I haven't had much reason to return to California City since I first visited in 2010.
After all, there's not a whole lot there.
But on a clear Saturday morning after the wettest winter weather I've experienced since moving to Southern California in 2011, it seemed like a good idea to drive a couple of hours north to the Mojave Desert...
I'd been daunted by the dirt roads, the not knowing exactly where to go or what I'd find when I got there...
...but the event listing promised meet and greets with actual desert tortoises, which I figured would be more than I'd find out there on my own.
There's an adoption program for tortoises who, for one reason or another, wouldn't survive out in the wild on their own—from itty bitty ones (just a year or two old) to the big adults (anywhere from 30 to 50 years old, although they can live to 80).
The preservation of the desert tortoise and its habitat in this area—more than 40 square miles—has been a joint effort primarily between the Bureau of Land Management, California Department of Fish and Game (now Wildlife), Desert Tortoise Preserve Committee (founded in 1974), and The Nature Conservancy.
creosote
The current preserve is surrounded by OHV trails—but it's been fenced in since 1979, protecting it from vehicular traffic.
bush poppy or little gold poppy?
Much of the area was used for sheep grazing until 1993. There were lots of plans to try to mine for minerals here.
Fremont's phacelia
But through a patchwork of private land acquisitions and transferals of ownership, piece by piece and bit by bit, this section of the Mojave Desert has been returned to a more "natural" state—which is probably why this is one of the few (if not only) places where desert tortoise populations are actually increasing.
But there are still more parcels to buy in this "Area of Critical Environmental Concern"—and there's still more research on the tortoise to be conducted in this designated "Research Natural Area."
Desert tortoises have a lot of odds stacked against them—for instance, not breeding until they're 15 to 20 years old, their eggs vulnerable to predation by hungry ravens. On a federal and state level, they're considered a "threatened" species (although there's a movement to increase their threat level one notch to "endangered").
But clearly, this preserve is doing something right.
During my visit, I walked three of the four loops: the Main Loop, the Plant Loop, and the Animal Loop. (I never found a fourth loop.)
There are over 200 species of plants at the Desert Tortoise Research Natural Area—many of which provides either food or habitat/shelter (or both) for the tortoises.
Other plants, like the peach thorn (Lycium cooperi), help sustain other desert wildlife, like birds.

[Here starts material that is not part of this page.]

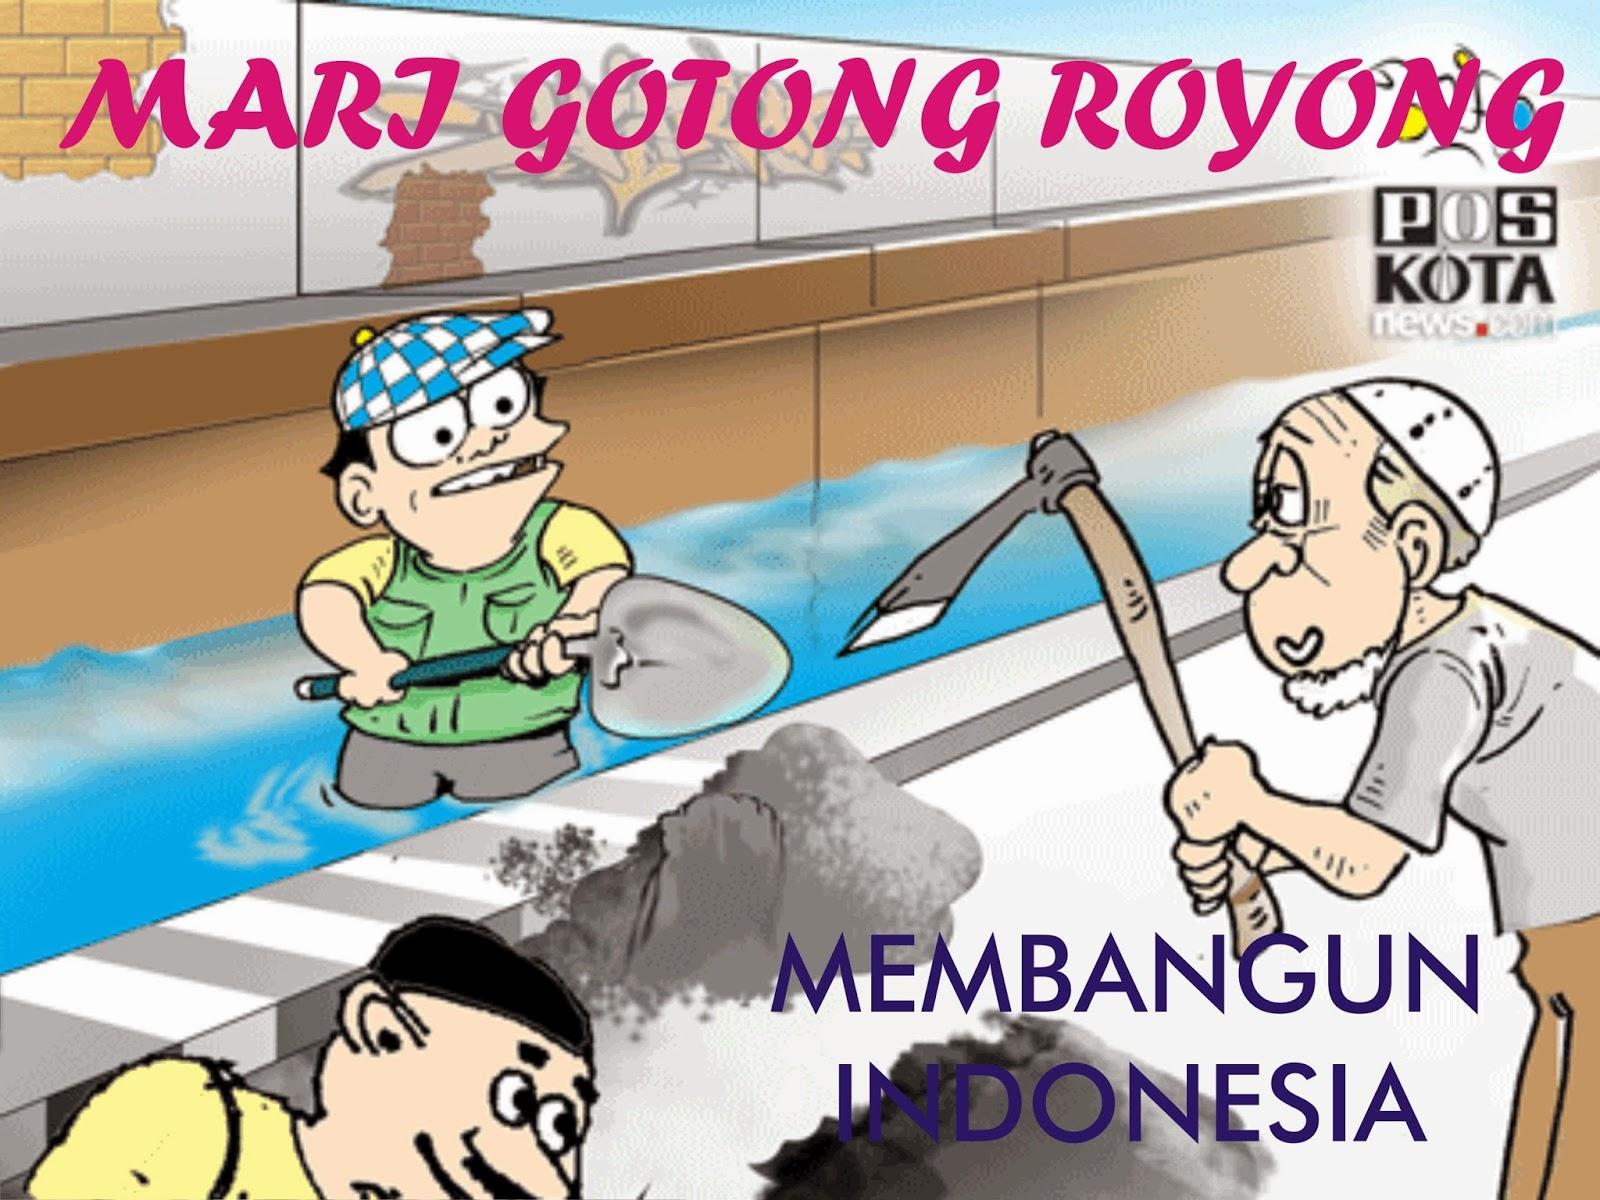 Gambar Gotong Royong Di Sekolah Kartun Bestkartun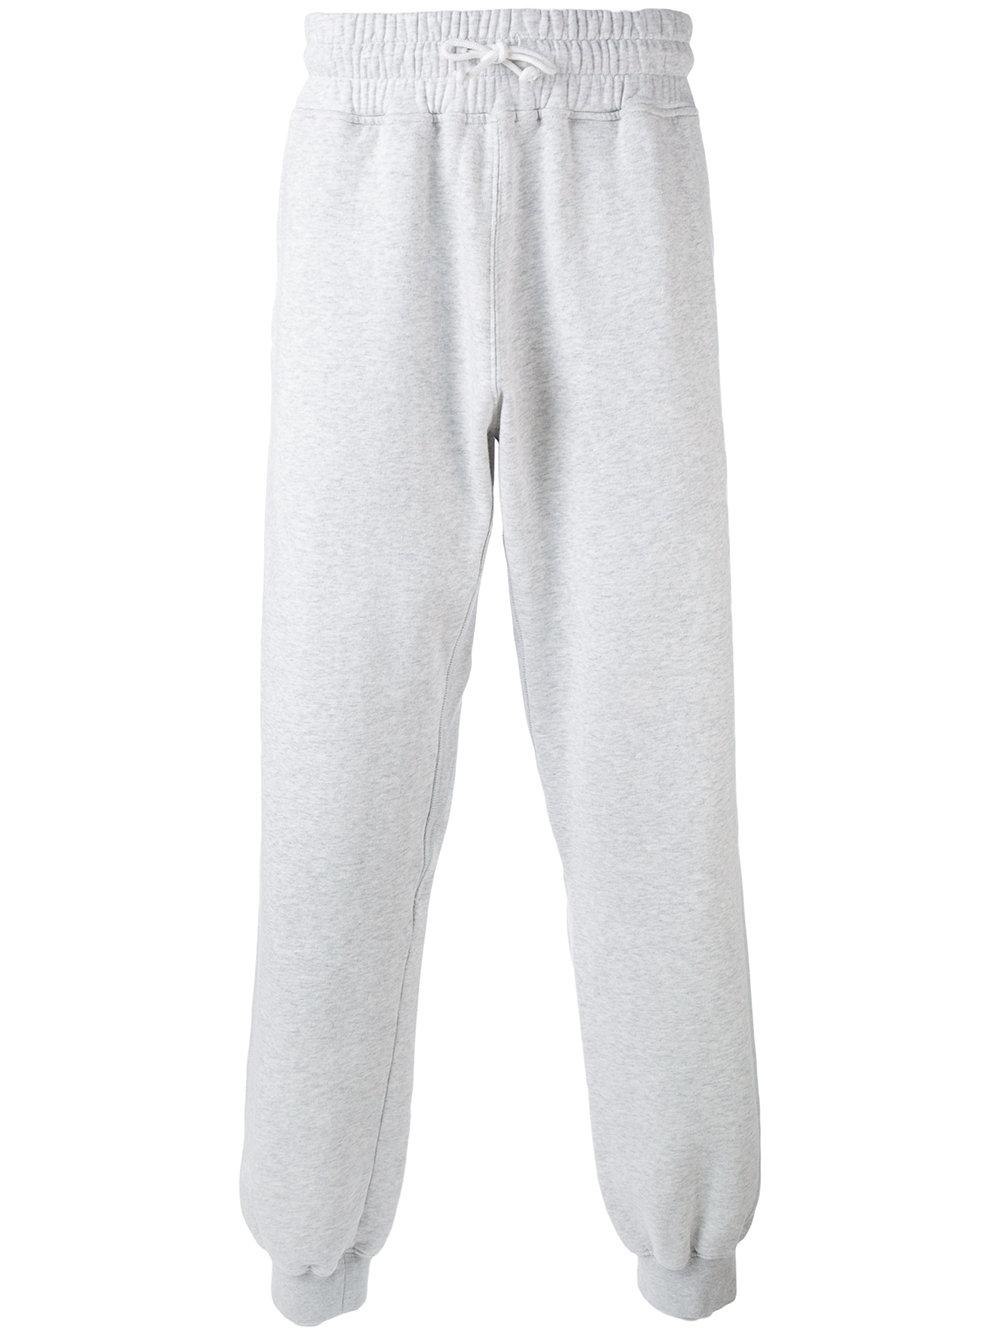 088a14289 Yeezy Tapered Sweatpants - Farfetch

And it was a good time to visit, with so many spring wildflowers already in bloom, like yellow fiddlenecks...
...lacy phacelia...
...leafy-stemmed coreopsis...
...and Layne locoweed (a tortoise favorite).
Although, true to my suspicions, I didn't see any tortoises out on my hike (and, in fact, have only ever seen one out in the wild), I did find a tortoise-shaped hole which I suppose must be a burrow for a little one. (That being said, there are plenty of animals that like to occupy vacant burrows, not the least of which is the burrowing owl, which is also found at the desert tortoise preserve.)